Two other classic algorithms, CSA and PA, respectively, are demonstrated in Figs. A.1(b) and A.1(c).
Similar to SSA, CSA also requires traversing all the segments. The major difference between these two methods is that the phase of each segment is directly refreshed by its optimal value after each iteration in the CSA algorithm. As a result, even if the dynamic characteristics of the sample change, CSA is able to track accordingly.
For PA, it is not necessary to obtain prior information about the stability of sample. The idea of PA is as follows: in each iteration, all segments are randomly divided into two groups (each group containing half segments) and the phases of segments in one group are simultaneously changed. As a result, the intensity of detected signal increases rapidly, especially after initial iteration.
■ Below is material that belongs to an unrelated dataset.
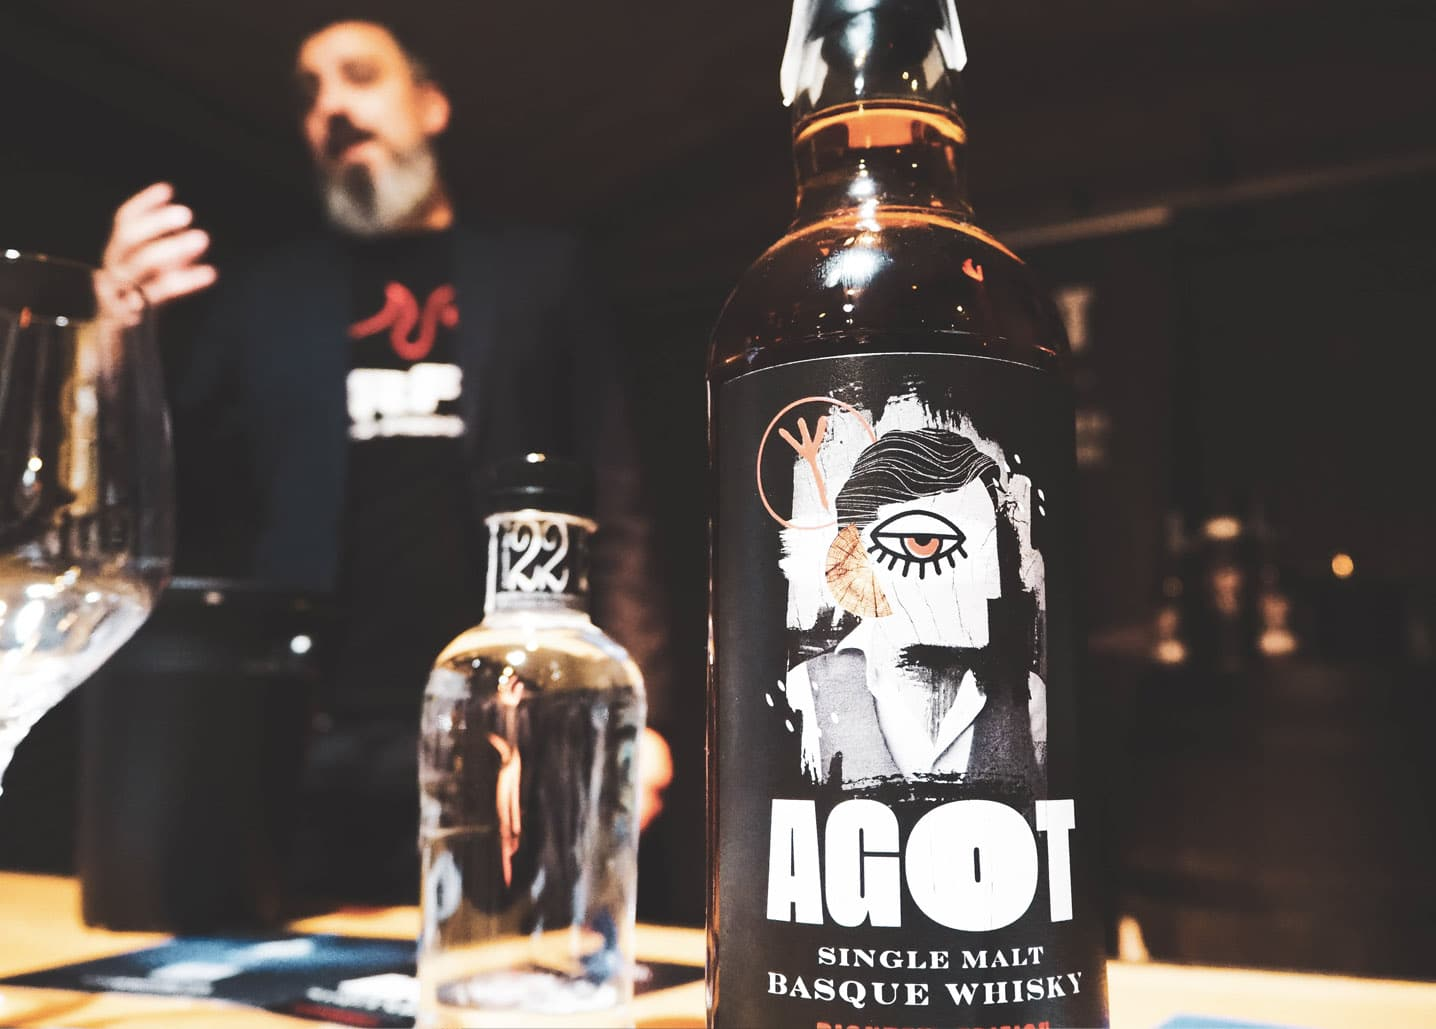 Agot Single Malt Basque Whisky - Todo Whisky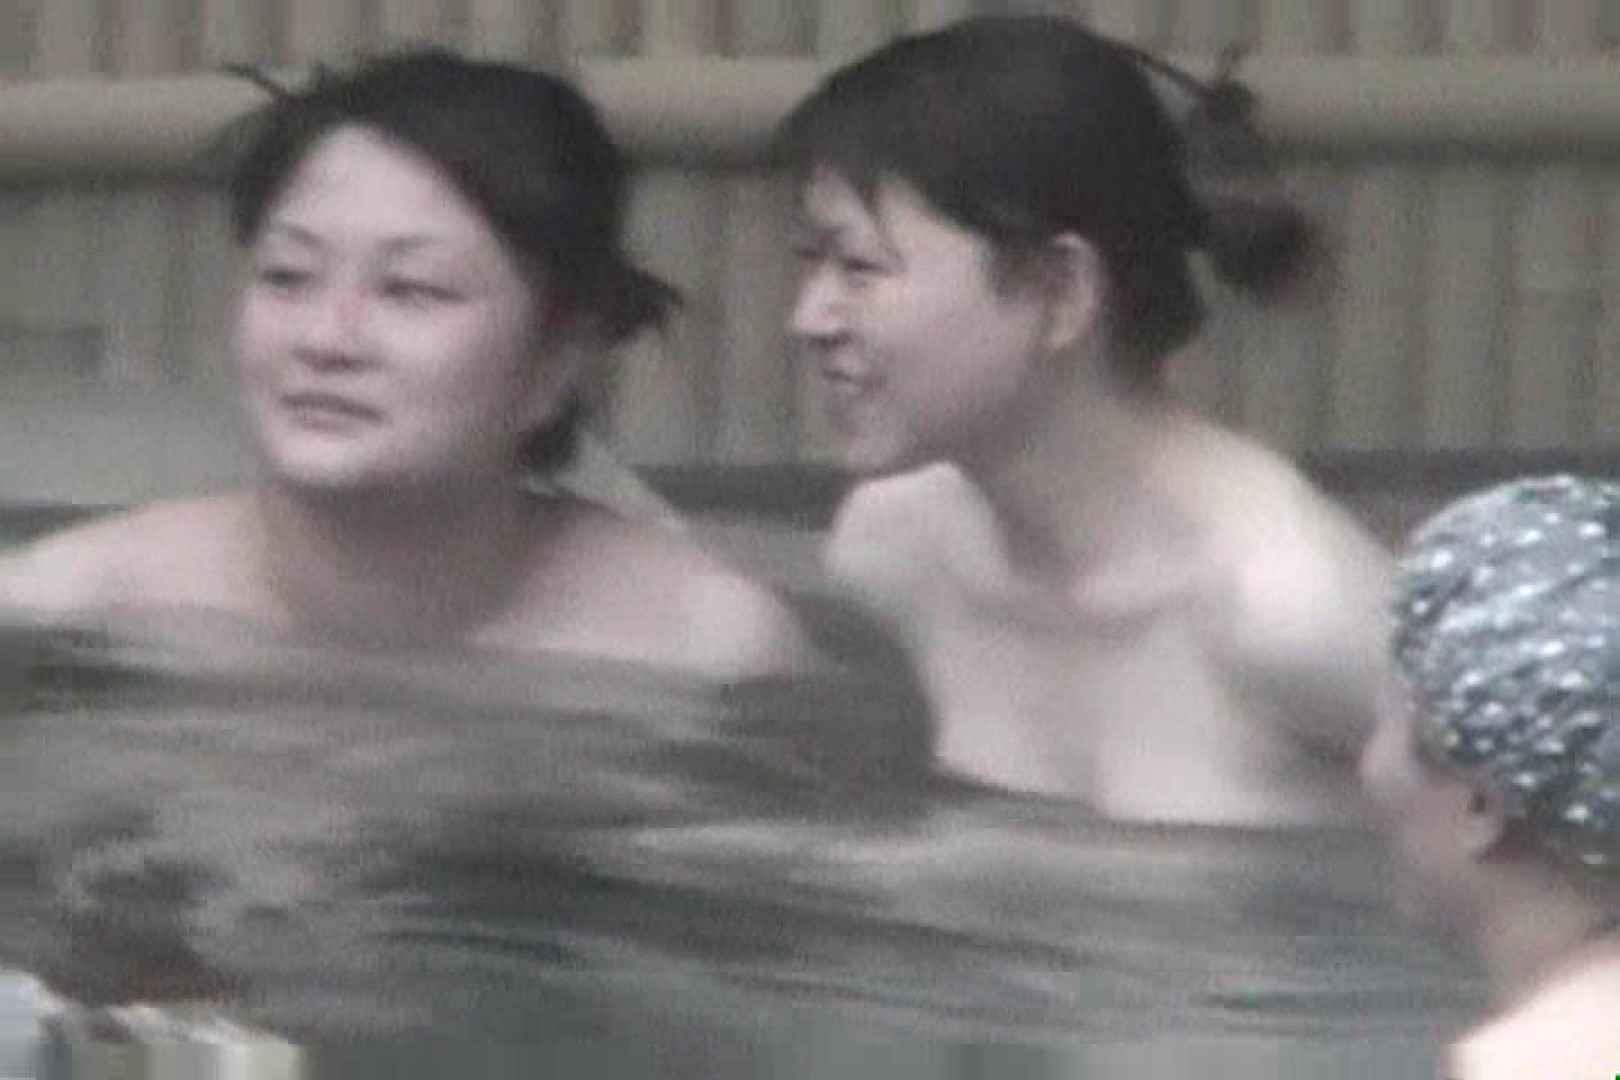 Aquaな露天風呂Vol.555 盗撮  100画像 15

Besides, this algorithm is expected to be more robust to noise and can be quickly recovered from disturbances.75
Appendix B
PBR is a quantitative index of the focus contrast. The higher the PBR, the better the focus contrast. Besides, it has been proved that PBR is proportional to N/M, where M and N are the numbers of optical modes in the focus and the number of controllable modes on the SLM, respectively. So theoretically a larger N divided by a smaller M will consequently increase PBR. One way to increase N is to adopt SLMs with more controllable optical modes and PBR will be increased under the same experimental conditions. A smaller M might be achieved by using a smaller size guidestar. Caution should be taken if the guidestar with a very small size is adopted. For instance, in the TRUE system shown in Fig. 2, if the ultrasonic guidestar is very small in size, the area of ultrasonic modulation inside the scatter will be sharply reduced, which will greatly decrease the number of modulated scattered photons, weaken the signal intensity of the time-reversed wavefront and decrease the SNR. This will reduce the PBR. In addition, in order to more accurately evaluate the system performance and meanwhile set a criterion for suitable comparisons among different systems, a system efficiency index was proposed and defined as the ratio of the system implemented PBR to the theoretical PBR. In practical implementations, PBR is usually calculated by the ratio between the focus average intensity and the ensemble average of the intensities of speckles when a random wavefront is applied.